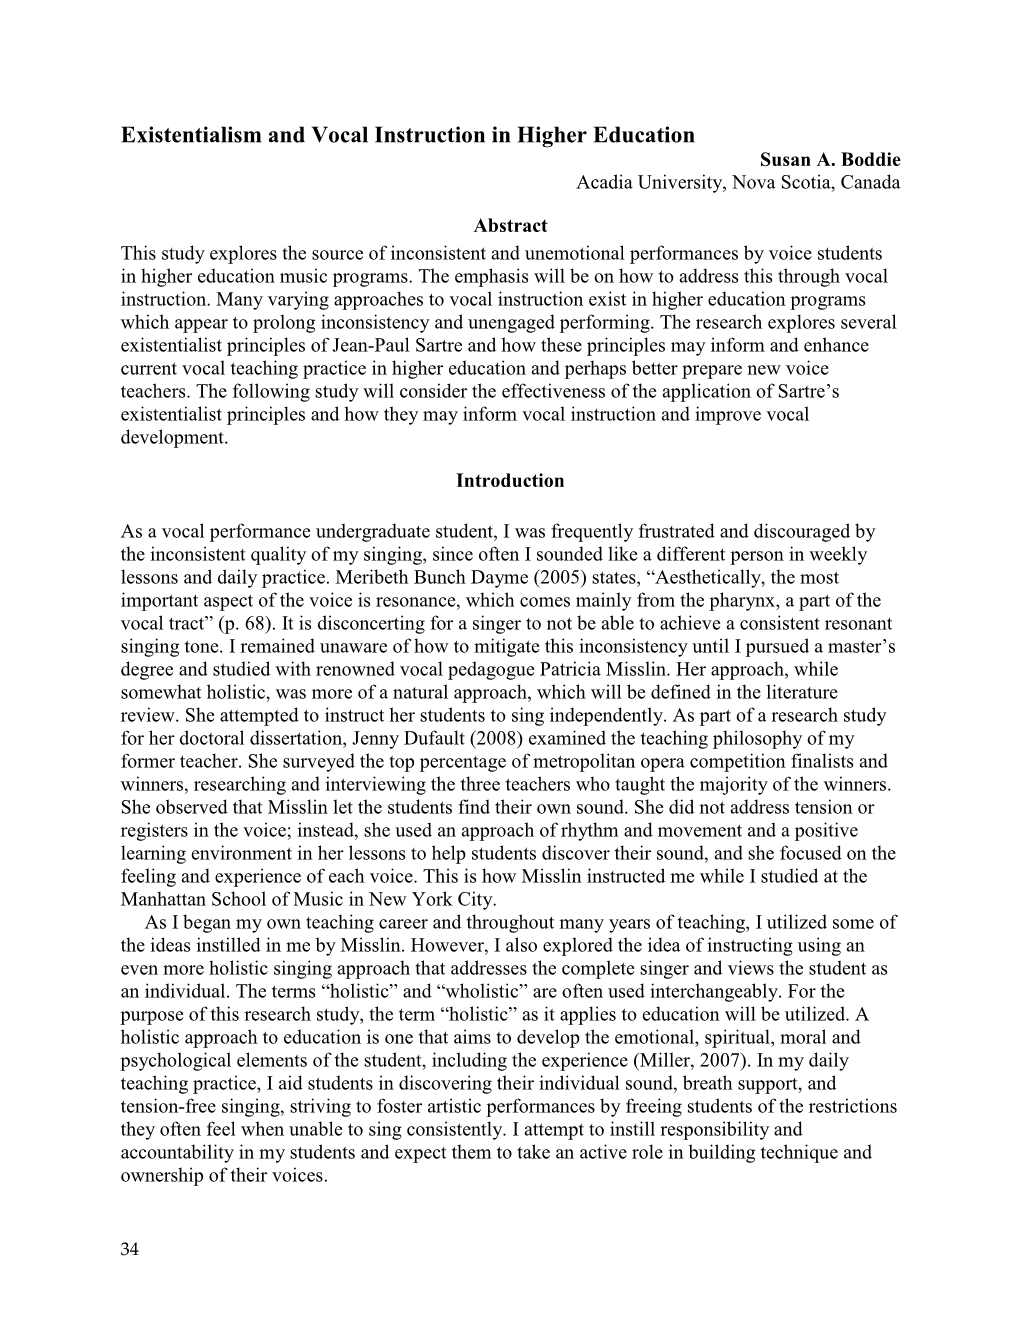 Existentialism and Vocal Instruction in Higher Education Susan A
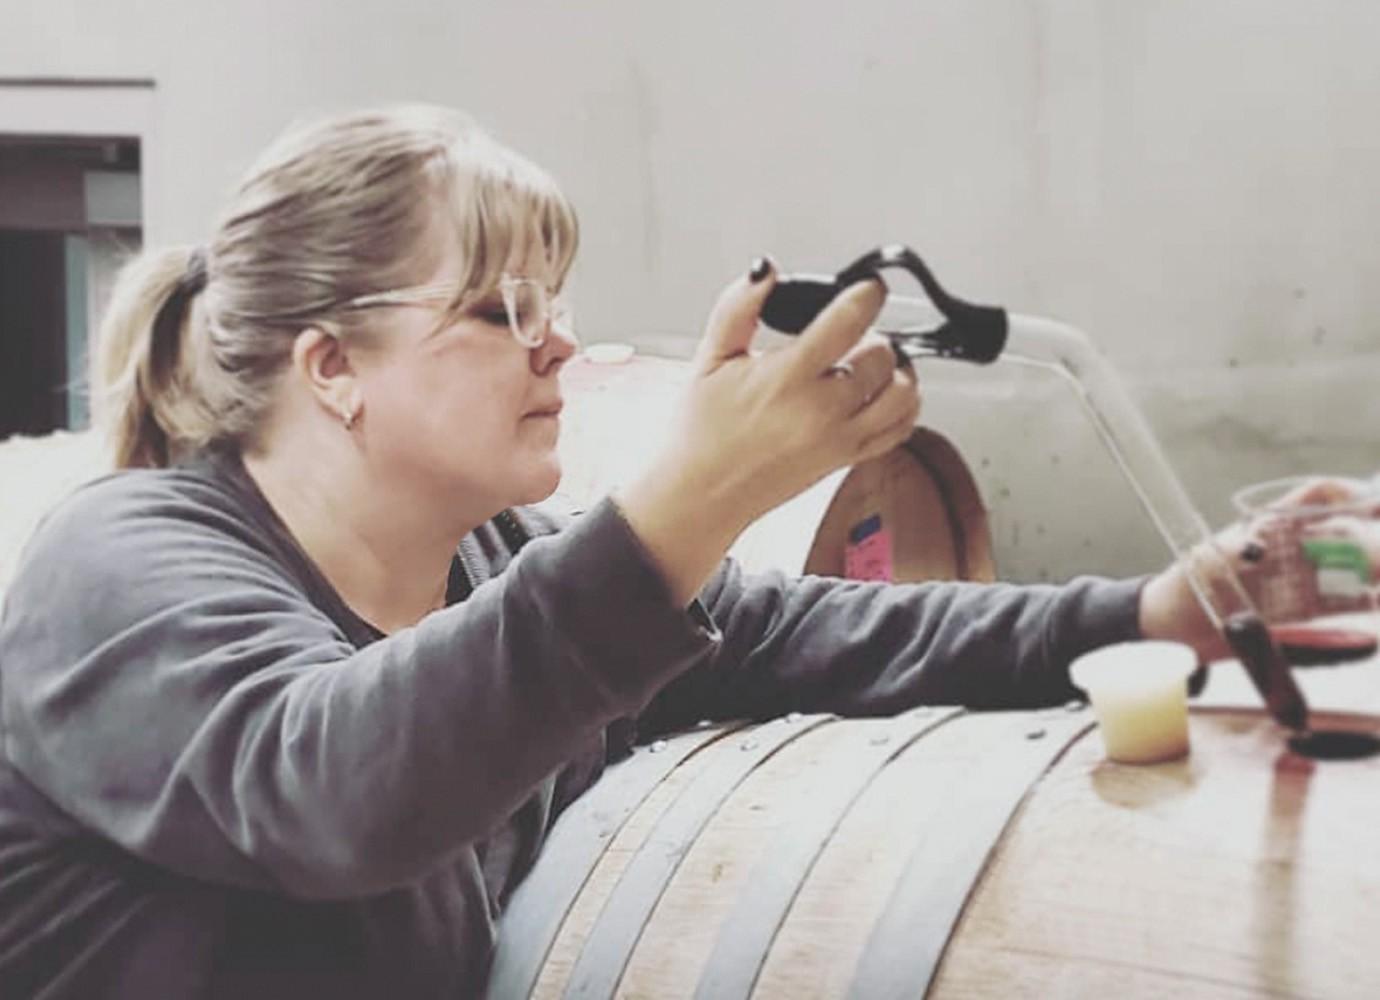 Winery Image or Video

...

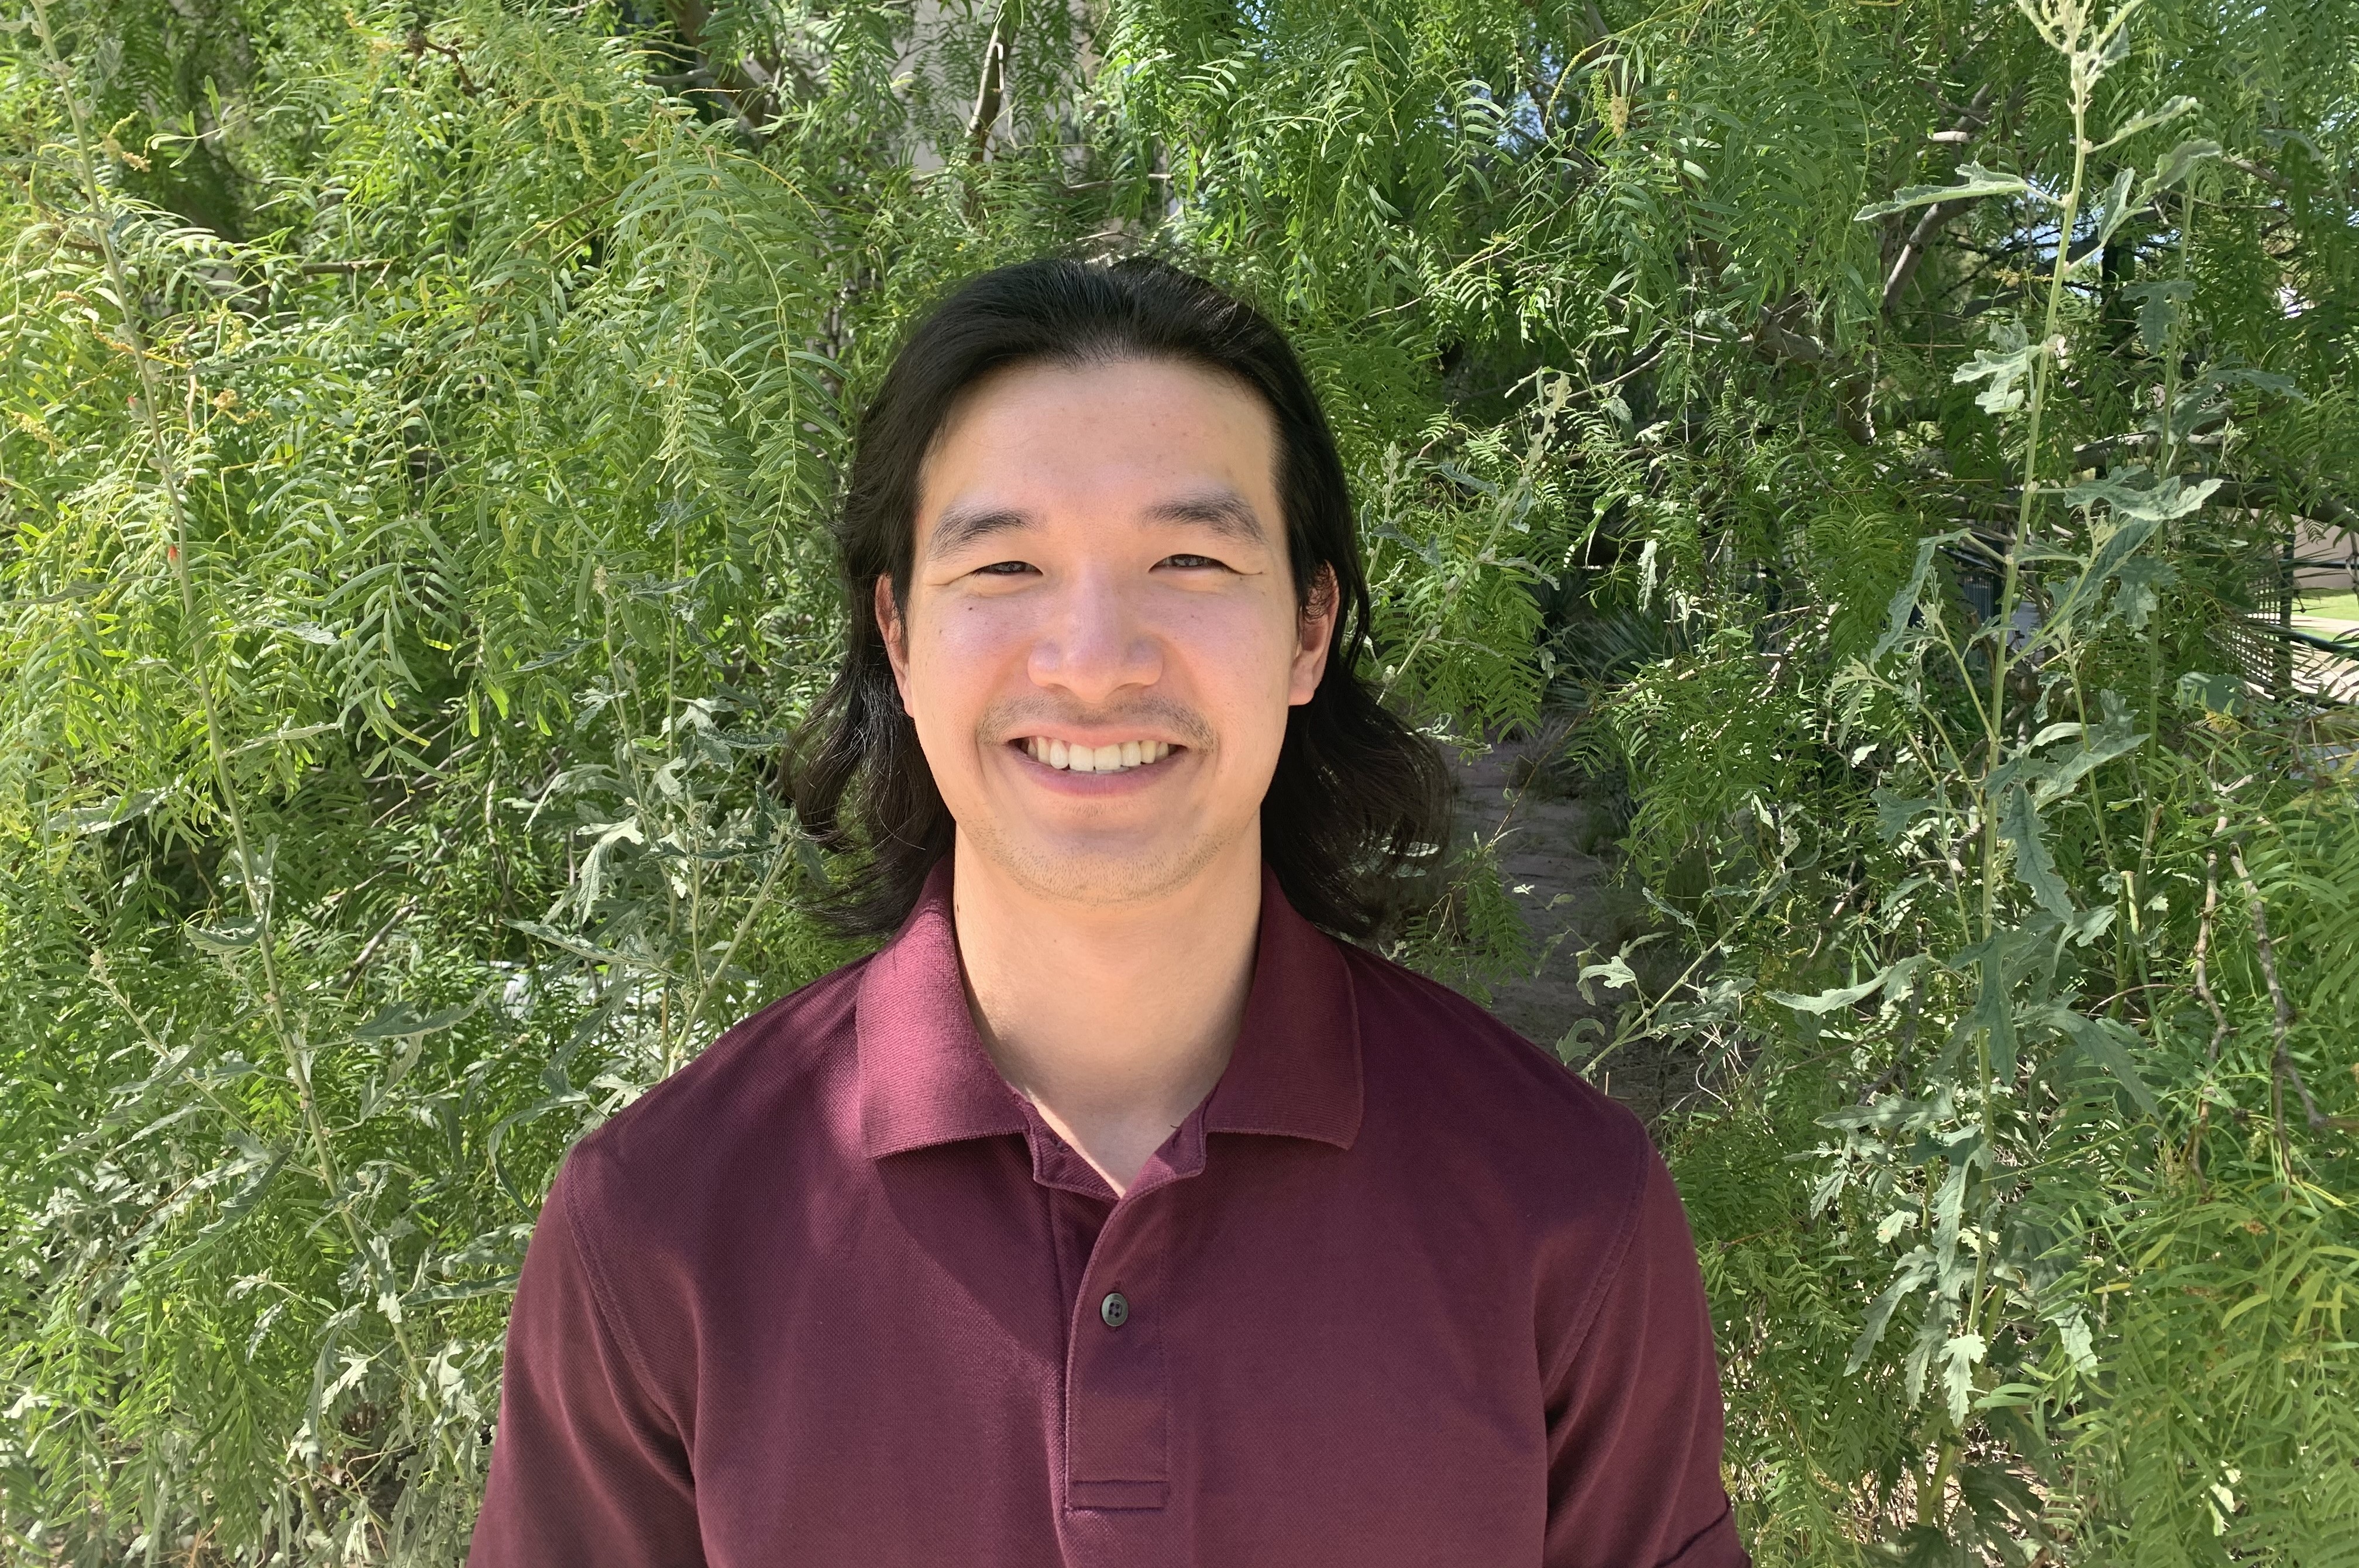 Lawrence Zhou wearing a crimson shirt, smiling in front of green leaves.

### Task to carry out
Word for word, write out the lines above running from the one with "Existentialism and Vocal" up to and including the one with "Winery Image or Video". Drop any picture.

### Result
 Existentialism and Vocal Instruction in Higher Education Susan A
 Winery Image or Video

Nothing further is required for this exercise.